By Russell Findlay

A drug dealer caught with £300,000 of cocaine in a police organised crime operation has been given taxpayers' money to grow his drone business.

Kieran Hope, 29, was handed a three-year prison sentence in 2014 and two years later founded Air Control Entech (ACE), which uses drones to conduct inspections in the oil and gas industry.

He then secured financial backing from The Oil & Gas Technology Centre (OGTC), which is funded by the Scottish and UK governments, academia and industry.

There are no rules against convicted criminals receiving public money. However, concerns have been raised over the organisation's refusal to disclose how much it gave to Hope's firm.

The OGTC would not say how much money was invested, citing non-disclosure agreements which can keep such details from public view if commercially sensitive information is involved.

Graeme Pearson, former director general of the Scottish Crime and Drug Enforcement Agency and ex-Labour MSP and justice spokesman, said: "I think that where public money is being spent there is a duty on organisations to show the public how that money was used and where that money was invested."

He added: "The notion that it's none of our business is unacceptable."

The OGTC declined an interview request, but in a statement said Hope was "entirely transparent about his previous conviction" and that ACE "was carefully evaluated in line with our process for every investment decision and all conditions have been met throughout".

In a 2018 business magazine interview, Hope, from Aberdeen, did not mention his criminality.

The magazine stated that Hope bought a drone "for fun" in 2015 - the year after he was jailed for three years.

Hope said this inspired him to "quit his job in the oil industry within weeks and plough £60,000 in savings and loans into a new venture, Air Control Entech".

The magazine also said that Hope has worked in various countries "before he returned to Aberdeen in late 2016" - making no mention of his prison time.

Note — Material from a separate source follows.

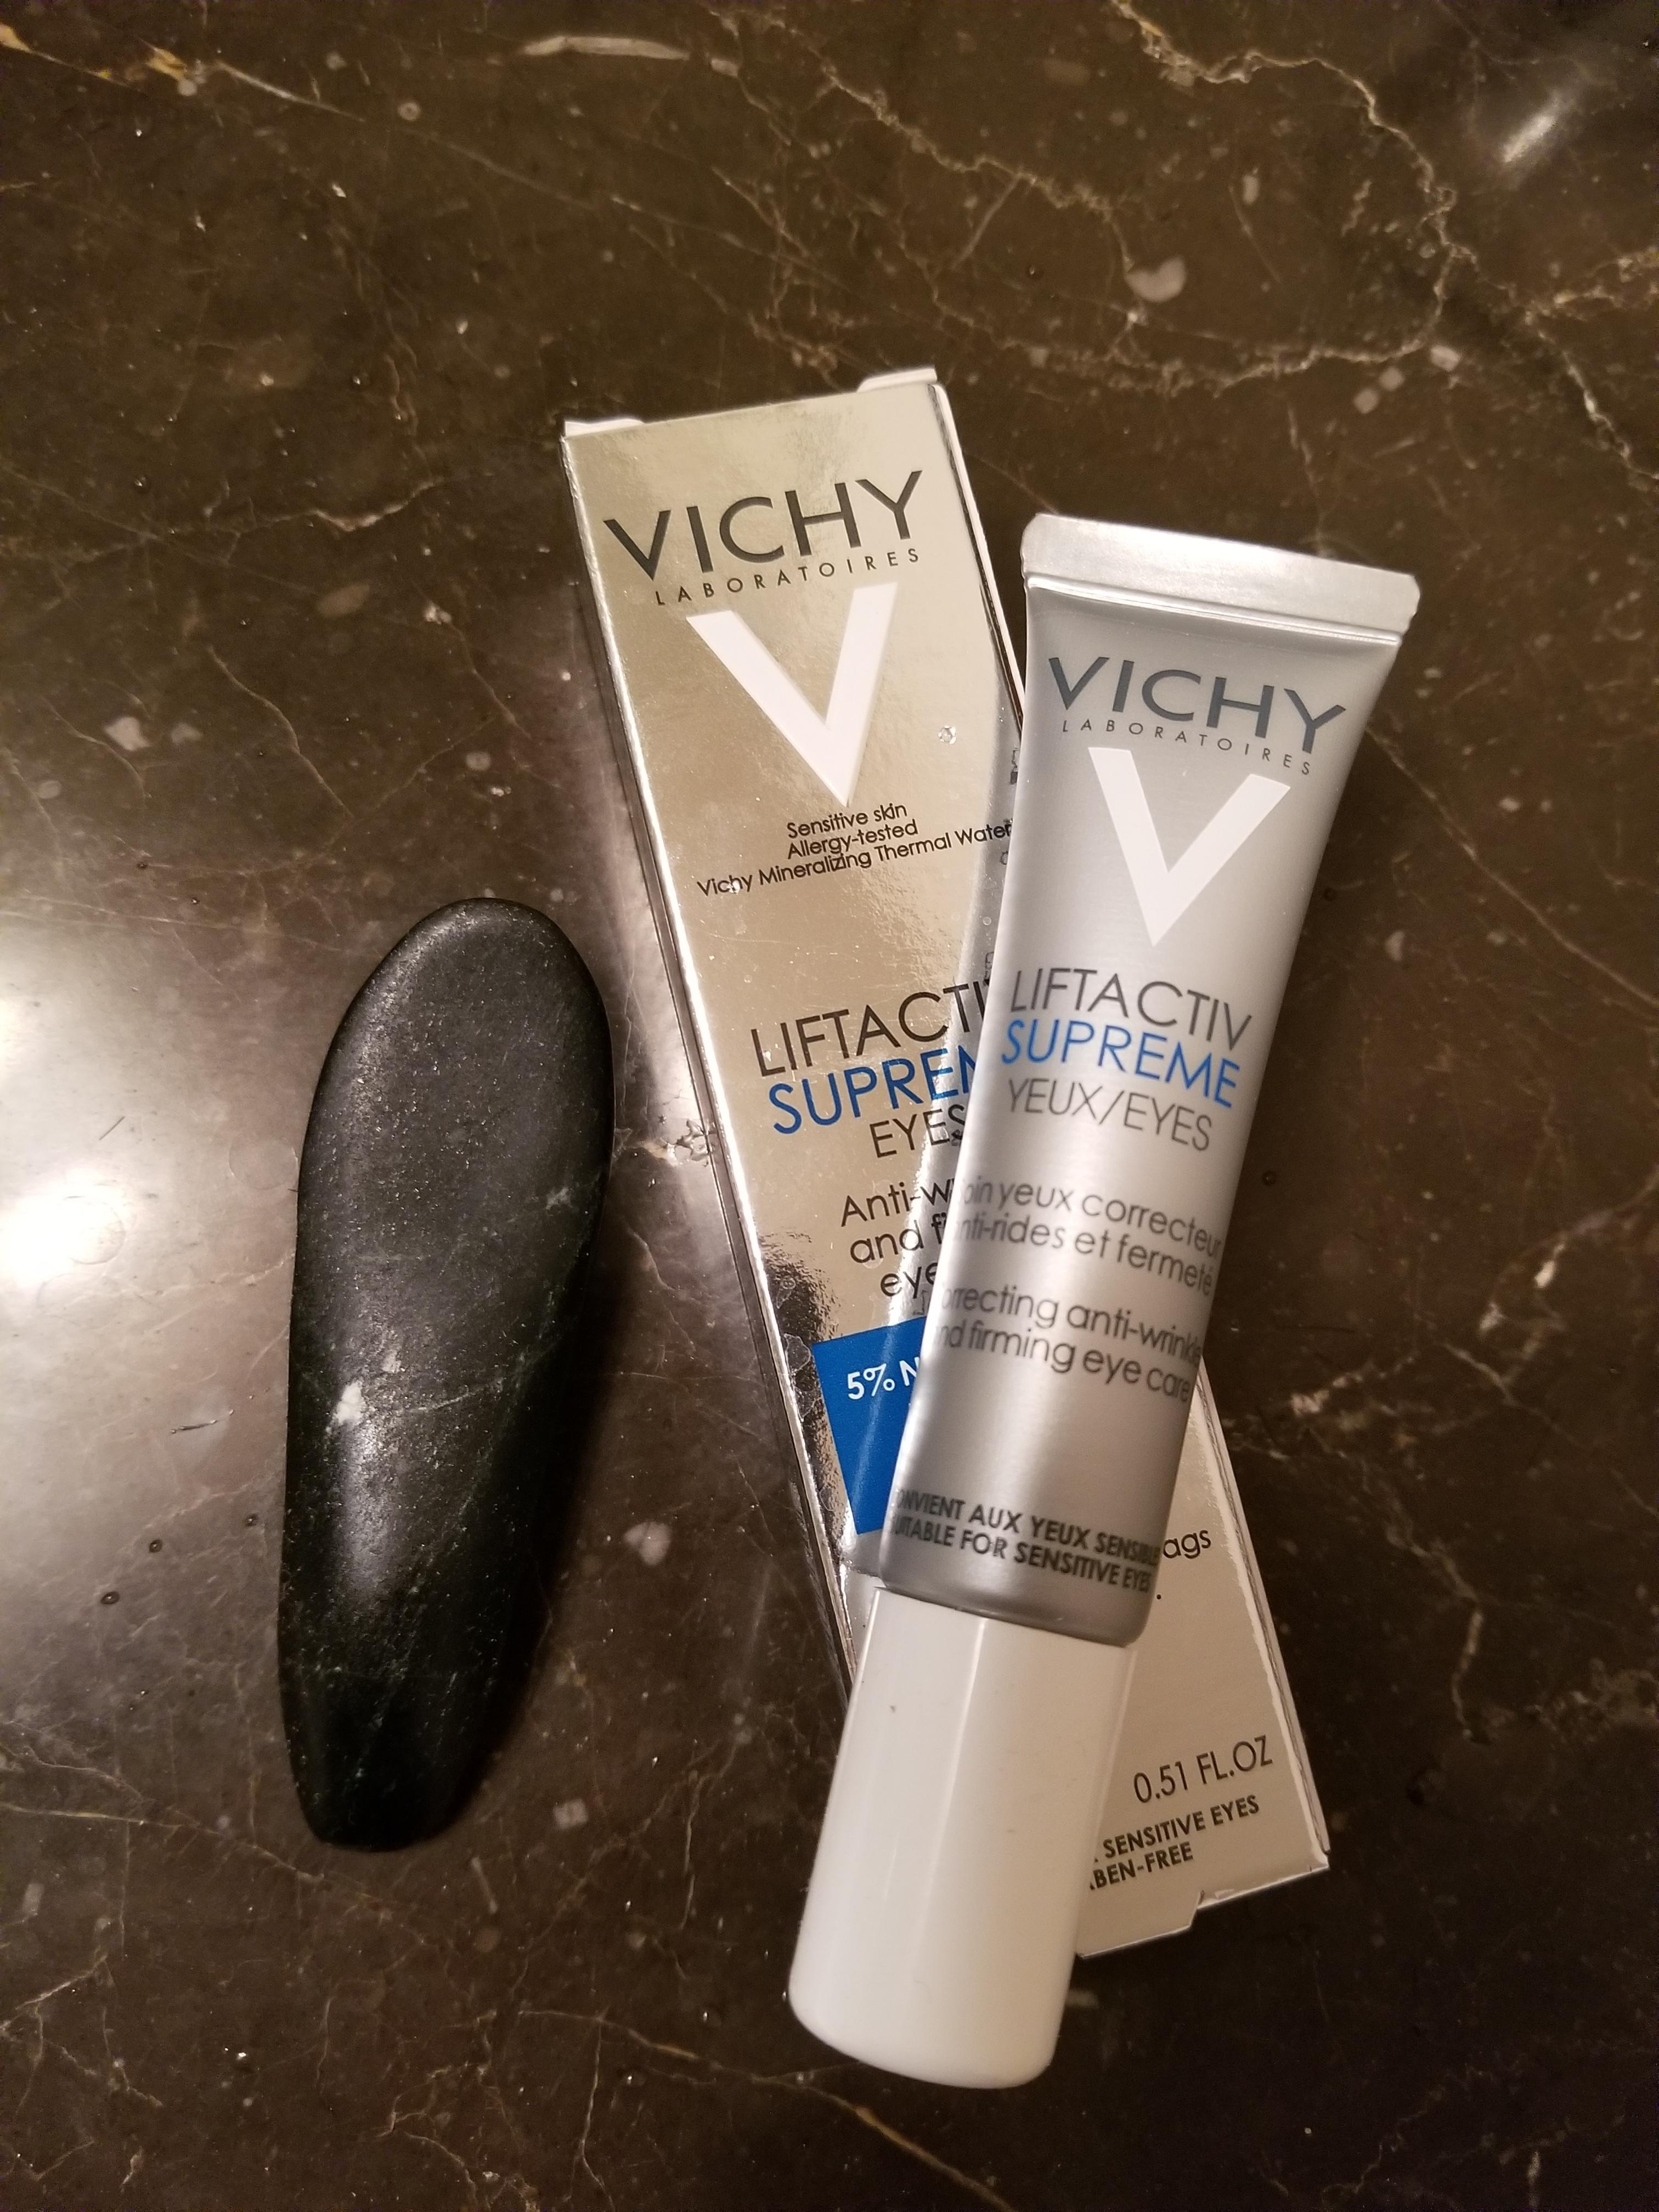 Vichy Liftactiv Supreme Eyes Reviews In Eye Creams & Treatments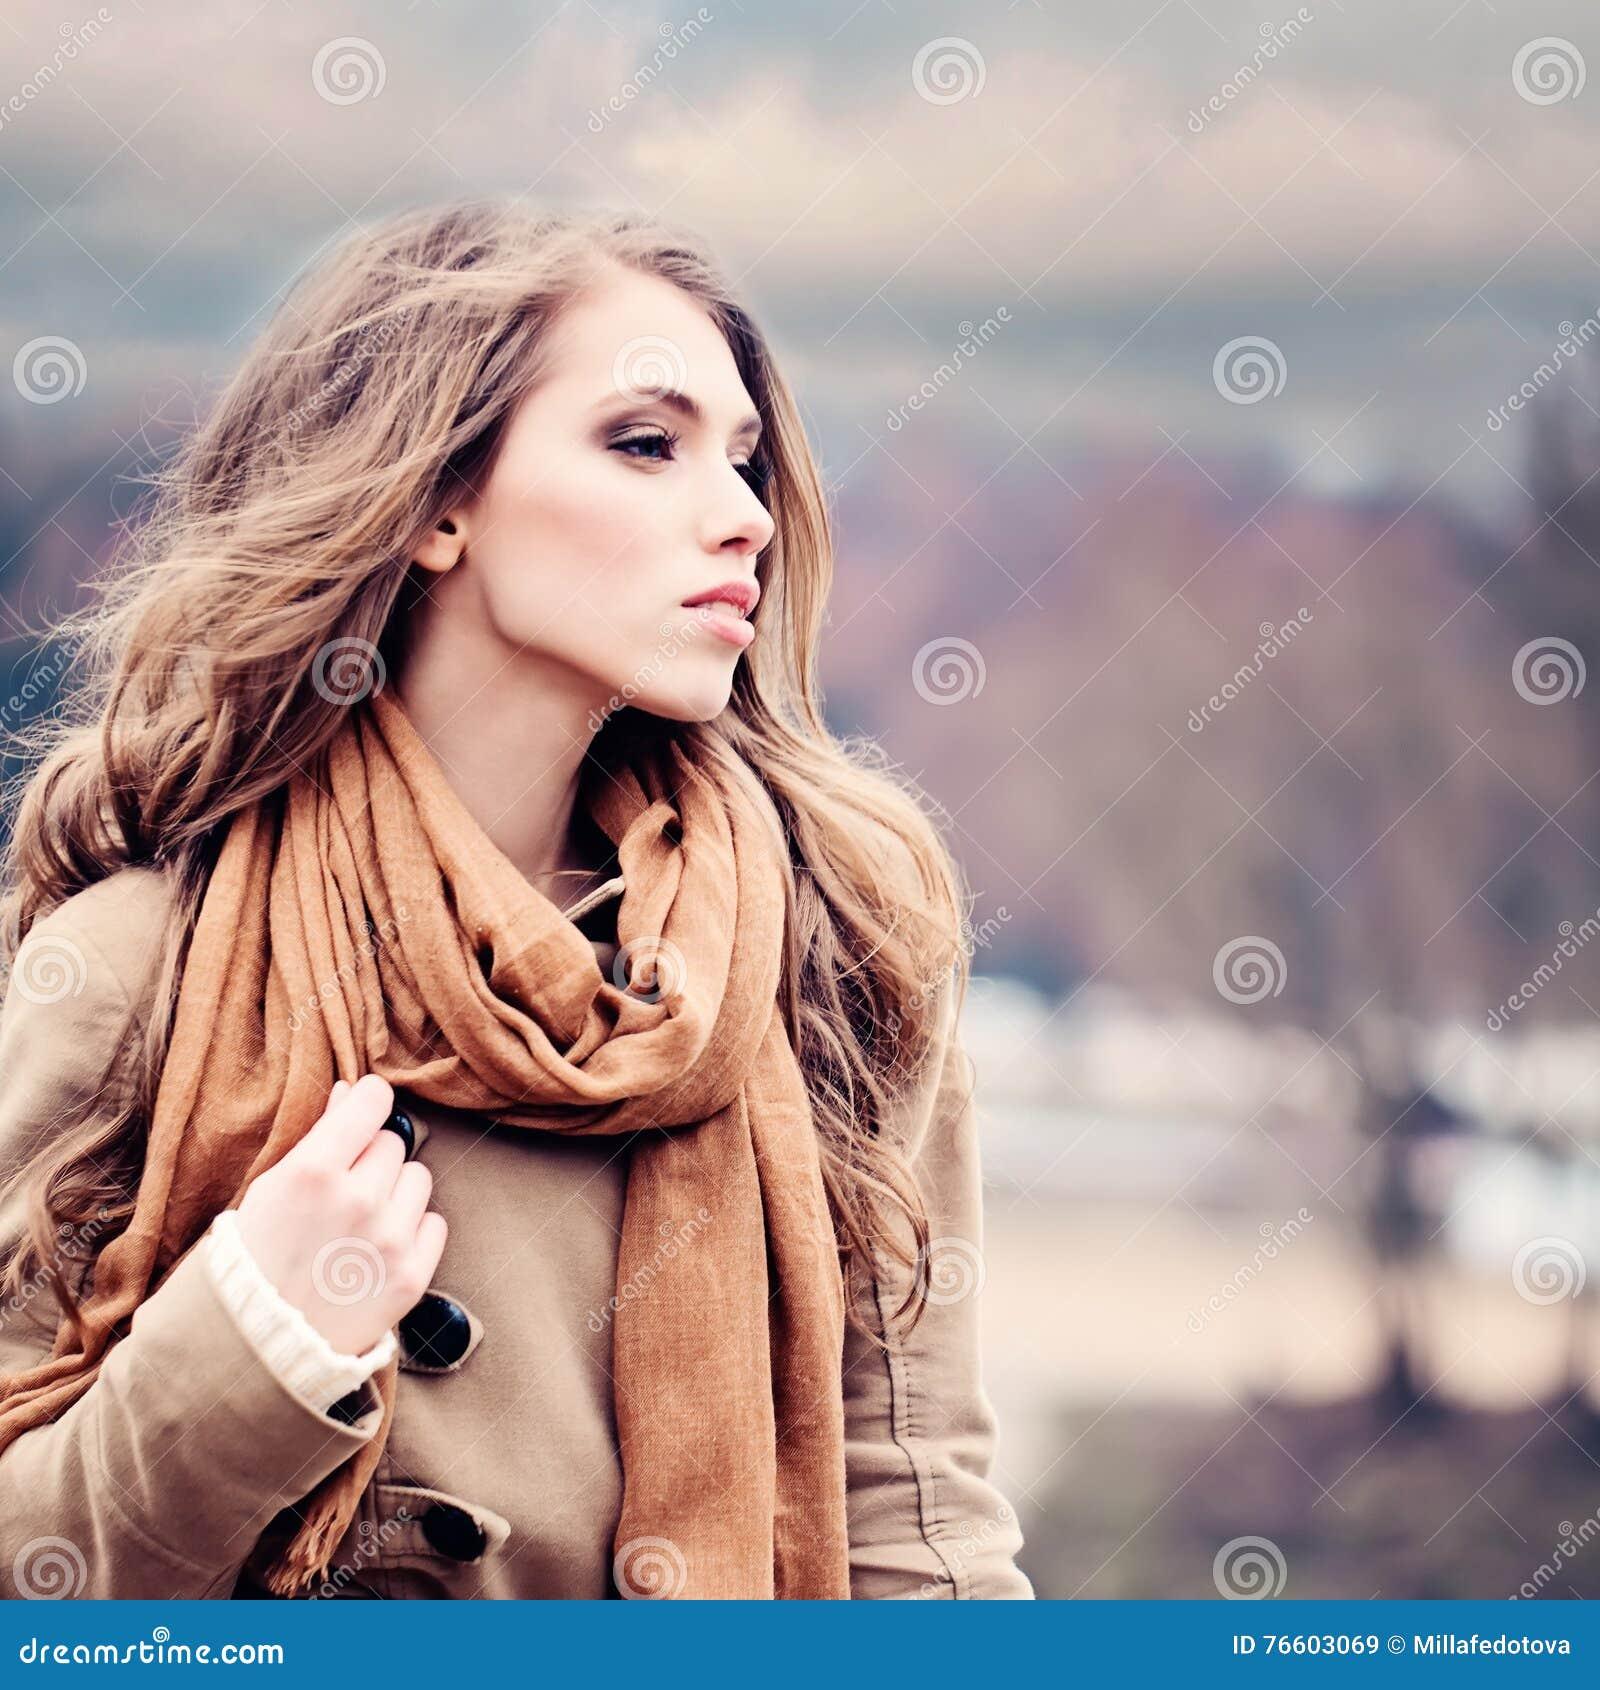 Modelo de forma Woman Outdoors

Scottish Lib Dem justice spokesman MSP Liam McArthur said transparency should be expected when government money is spent to support a business.

"I think the use of non disclosure agreements will strike many as inappropriate and unacceptable in these circumstances," he said. "I think the public have a right to know how public funds are being spent."

At the same time as launching ACE, Hope formed sister company Air Control Global Group (ACGG) which he co-owned and ran with Liston Pacitti, 29.

Pacitti was last year jailed for four-and-a-half years for endangering lives by selling so-called legal highs from shops in Arbroath and Montrose.

At Dundee Sheriff Court last year, Sheriff Alastair Brown said Pacitti had exploited "a gap in the law in order to make significant amounts of money". ACGG was dissolved five months ago.

OGTC was launched in 2017 to fund technological developments to maximise North Sea oil and gas yields and more than ten years will receive £90m from the UK Treasury via the Scottish government.

Hope's Aberdeen-based ACE was one of the first companies to receive funding.

The company said its high-tech drones can carry out offshore inspection work more safely and at less cost than by traditional methods.

Former police chief Pearson questioned these claims and why no proceeds of crime action was taken against Hope.

He said: "If someone is convicted of supplying drugs and being engaged in the business of drug dealing I would have expected that asset would have been recovered and would have been returned to the taxpayers of Scotland."

"I would have hoped that the agency [OGTC] would have taken further steps to ensure that the money was invested in the right places and this man might be the right person to invest in, but it should be done in a situation of openness and honesty."

STV News asked the Scottish Government if it was aware of Hope's background and whether using NDAs was appropriate.

Energy Minister Paul Wheelhouse said: "We have no involvement in specific funding decisions made by the OGTC, who follow their own due diligence process for all applications, nor would we have any input to commercial or contractual decisions the OGTC enter into."

Kieran Hope declined to be interviewed by STV News or to answer any of our questions.

But after engaging a PR adviser he spoke about his conviction with an energy industry trade publication.

He told Energy Voice that the £300,000 of cocaine was not his and the reason he did not appeal was that it could have resulted in an increased sentence.

He said that he had been in with the "wrong crowd" and that his nine months behind bars were "very lonely".

After moving to an open prison at the end of 2014 he joined a rehabilitation programme which allowed him to go out and work.

He said the company which initially hired him then gave him a full-time role on his release from prison. He says this was followed by another job before he founded ACE in December 2016.

"I treat people the way I like to be treated," he said. "Being up front and honest is the right way to do that.

"The OGTC was really good about it. A lot of people think you do not deserve a second chance, so it's a case of proving yourself, and that's challenging.

"If you mess up, it does not mean your life is over. You can come back if you work hard and are honest."